QFT: Justifying Position-Momentum Commutation Relation

[jack47]

I'm taking a QFT course and there is something that is bugging me. When we write out the equations in terms of generalised coordinates (q and p like in Lagrangian mechanics), it is always then taken as obvious that q and p satisfy the position momentum commutation relation. They arn't position and momentum so is there any prior justification for using the given commutator? (apart from the fact that when we do use it we get a nice working theory)

 

[dextercioby]

One quantizes the classical field theory in which the graded fundamental Poisson brackets at equal times will become graded Lie brackets at equal times.

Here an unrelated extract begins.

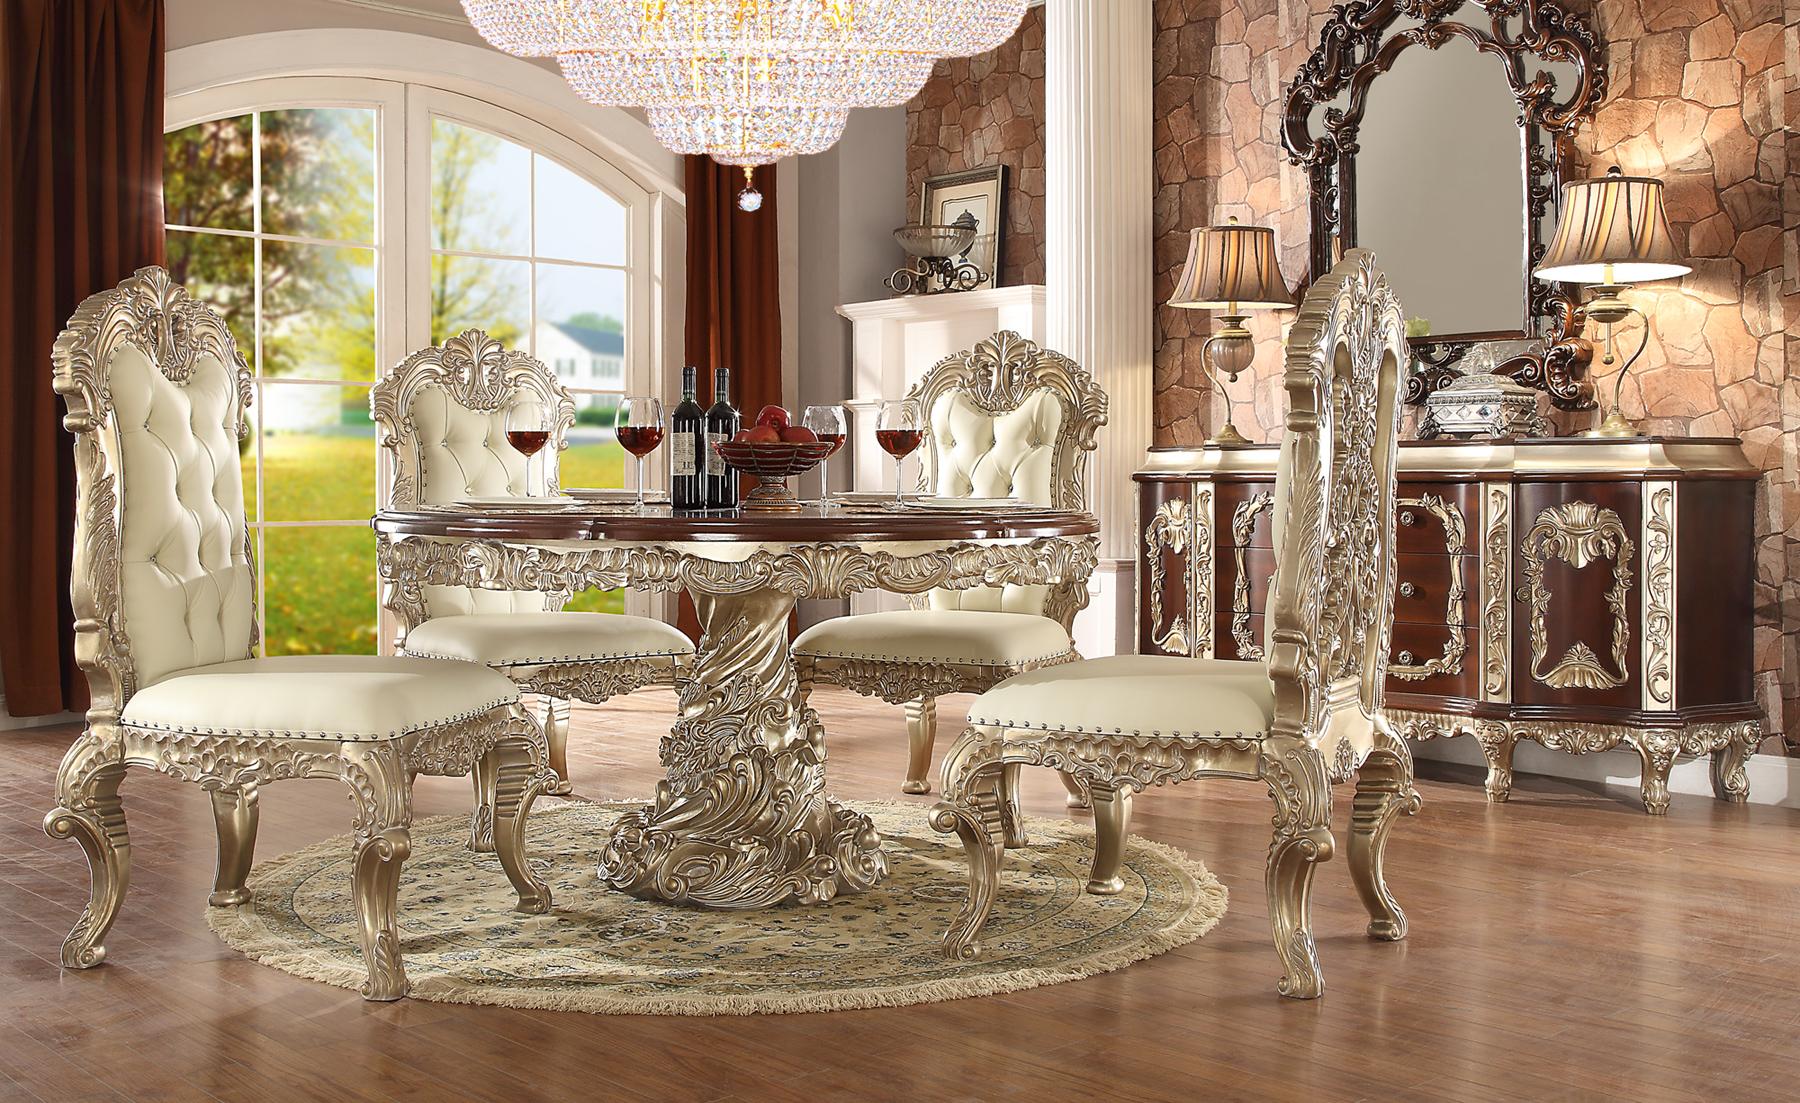 Traditional Dining Room Set HD-8017 HD-8017-RTSET5 in Antique White, Silver Faux Leather
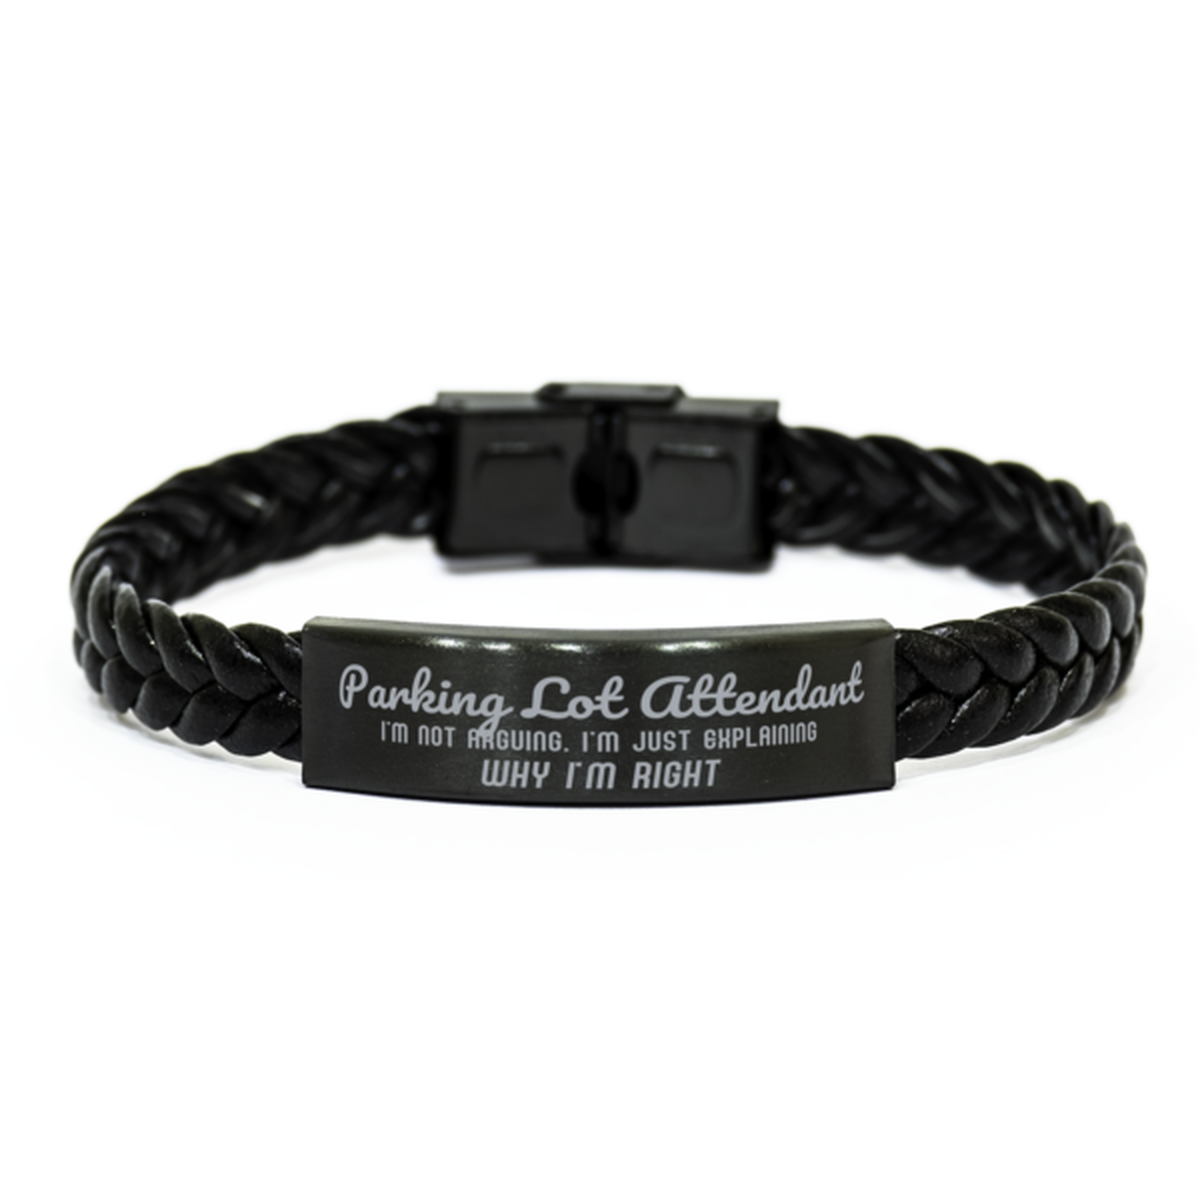 Parking Lot Attendant I'm not Arguing. I'm Just Explaining Why I'm RIGHT Braided Leather Bracelet, Graduation Birthday Christmas Parking Lot Attendant Gifts For Parking Lot Attendant Funny Saying Quote Present for Men Women Coworker

So they don't really come from nowhere.

Daniel.

 

[R0man]

The justification for the position-momentum commutation relation in quantum field theory (QFT) can be traced back to the fundamental principles of quantum mechanics. In classical mechanics, the position and momentum of a particle are treated as independent variables, and their values can be measured simultaneously with arbitrary precision. However, in quantum mechanics, the Heisenberg uncertainty principle states that the more precisely we measure the position of a particle, the less precisely we can know its momentum, and vice versa. This means that there is a fundamental uncertainty in the simultaneous measurement of position and momentum in quantum systems.

In QFT, the position and momentum operators are represented by the canonical conjugate variables q and p, respectively. These operators do not commute, which means that their order in a given expression matters. This is reflected in the commutation relation [q,p]=iħ, where ħ is the reduced Planck constant. This relation is a direct consequence of the uncertainty principle and is a fundamental property of quantum systems.

Furthermore, in QFT, the position and momentum operators play a crucial role in the quantization of fields, which is a key step in constructing a quantum field theory. The position operator is associated with the field amplitude, while the momentum operator is associated with the field momentum. The commutation relation between these operators is crucial in ensuring that the resulting quantum field theory is consistent and does not violate the fundamental principles of quantum mechanics.

In summary, the justification for the position-momentum commutation relation in QFT lies in the fundamental principles of quantum mechanics and its crucial role in the quantization of fields. While it may seem arbitrary at first, the commutation relation is a necessary consequence of the uncertainty principle and plays a fundamental role in the development of QFT as a working theory.